Karen A. Winstead (PhD Indiana University), Professor in the Department of English.  Professor Winstead’s research interests are in Medieval literature and comparative studies; Saints' legends; and religious, gender, and political issues in late-medieval literature and art. She is the author of Virgin Martyrs: Legends of Sainthood in Late Medieval England and John Capgrave's Fifteenth Century.  She is also editor of John Capgrave's Life of Saint Katherine and editor/translator of Chaste Passions: Medieval English Virgin Martyr Legends.  Areas of expertise include Medieval literature and gender and sexuality studies.
 
Judy Tzu-Chun Wu (Ph.D. Stanford University), Associate Professor in the Department of History.  Professor Wu has a joint appointment with the Department of Women's, Gender, and Sexuality Studies and is on the coordinating committee for the Asian American Studies Program as well as DISCO (The Diversity and Identity Studies Collective at OSU). She also serves on the board of editors for the Journal of Women's History.  She teaches courses on modern U.S. history, Asian American history, women's history, immigration history, history of comparative racialization, the 1960s, intersectionality, women and labor, race and sex, and American women's movements. She is particularly interested in incorporating new media assignments into her classes.   Her first book, Dr. Mom Chung of the Fair-Haired Bastards: The Life of a Wartime Celebrity (University of California Press, 2005), is a biography of Margaret Jessie Chung (1889-1959), the first American-born Chinese female physician. This biography uses Chung's remarkable life to explore the shifting social norms of race, gender, and sexuality from the late Victorian era to the early Cold War period in U.S. society.  Her current book project, tentatively titled "Radicals on the Road: Internationalism, Orientalism, and Feminism during the Viet Nam Era," is under contract with Cornell University Press for a series on U.S. and the World that is edited by Mark Bradley and Paul Kramer.

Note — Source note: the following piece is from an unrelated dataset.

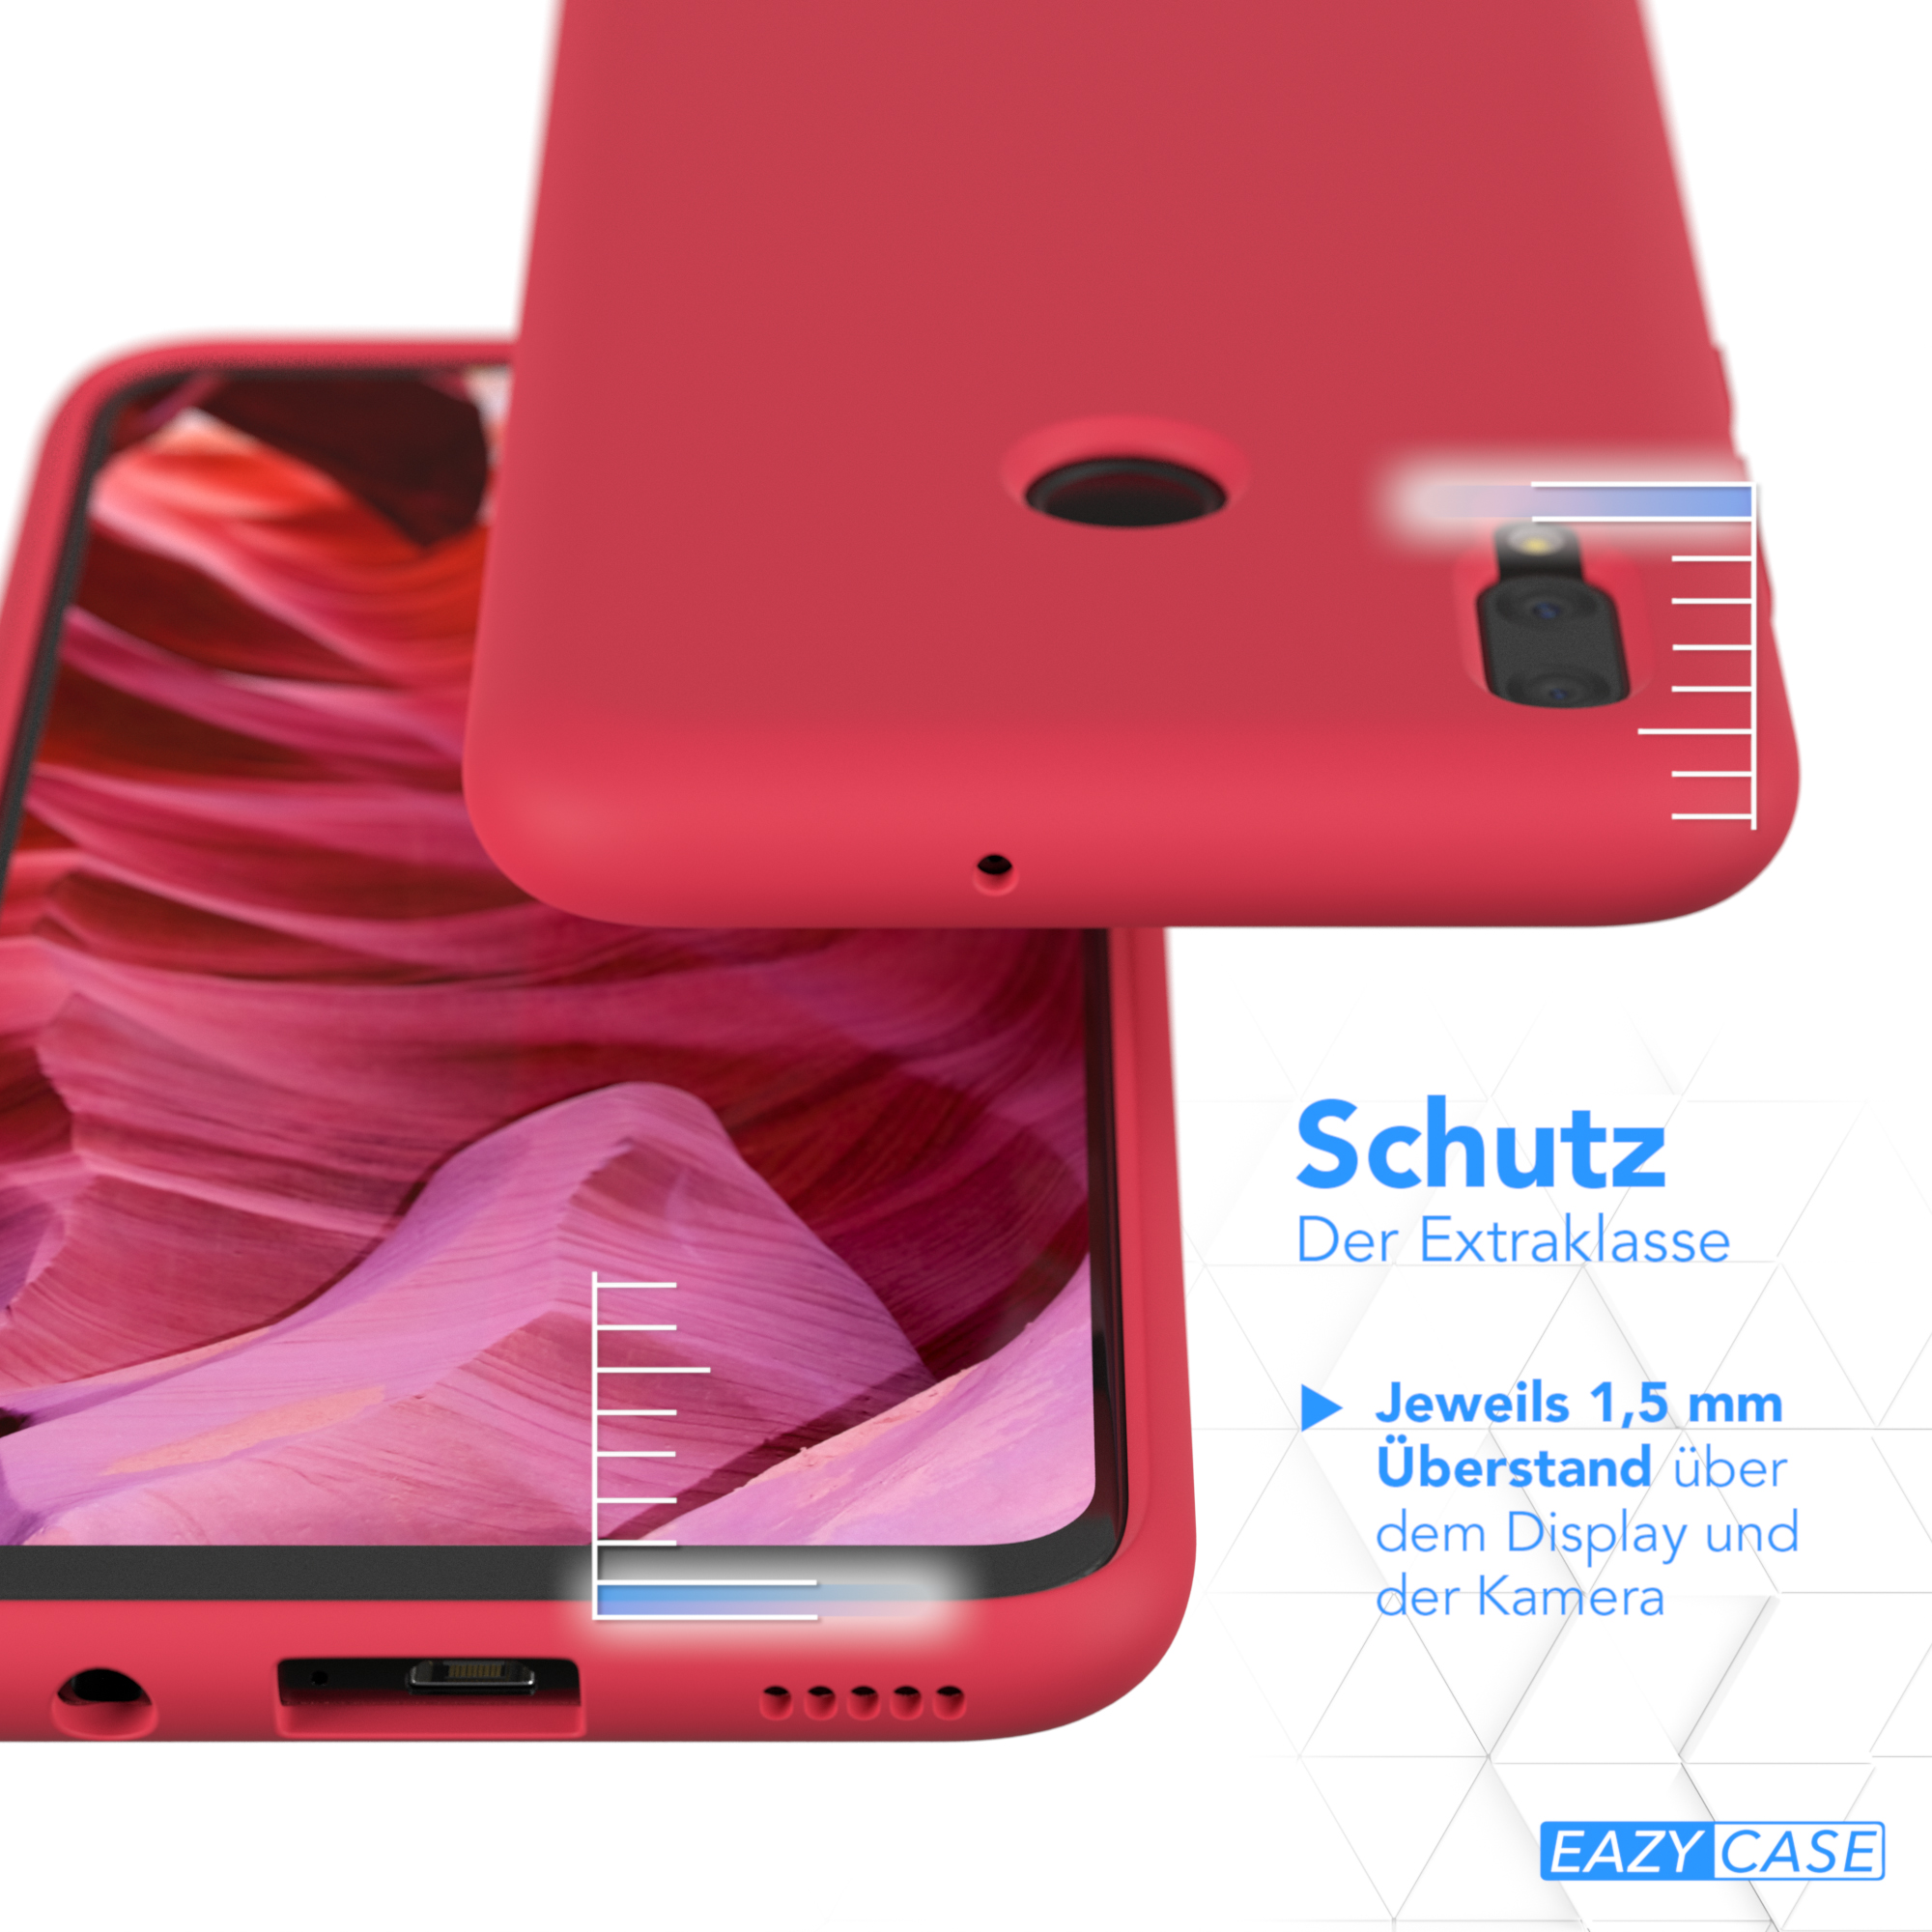 EAZY CASE Premium Silikon Handycase, (2019), P Backcover, / Rot Huawei, Beere Smart

This work focuses on the international travels of American antiwar activists during the U.S. War in Viet Nam. It specifically explores how these encounters with Asian culture, politics, and people shaped the radical imaginary of U.S. activists of varying racial, gender, and sexual identifications.  She also has published a number of articles that examine issues related to racialized notions of beauty and sexuality, the significance of western religion and medicine for the lives of Asian American women, and the significance of race, gender, and sexuality in fostering international political solidarity.  Fields of study include women’s history; constellations include Race, Ethnicity, and Nation.
 
XVI. STAFF OF THE DEPARTMENT OF COMPARATIVE STUDIES
 
 
Elizabeth Marsch is academic program coordinator. 
 
Shu-Wen Tsai is the fiscal and human resources officer.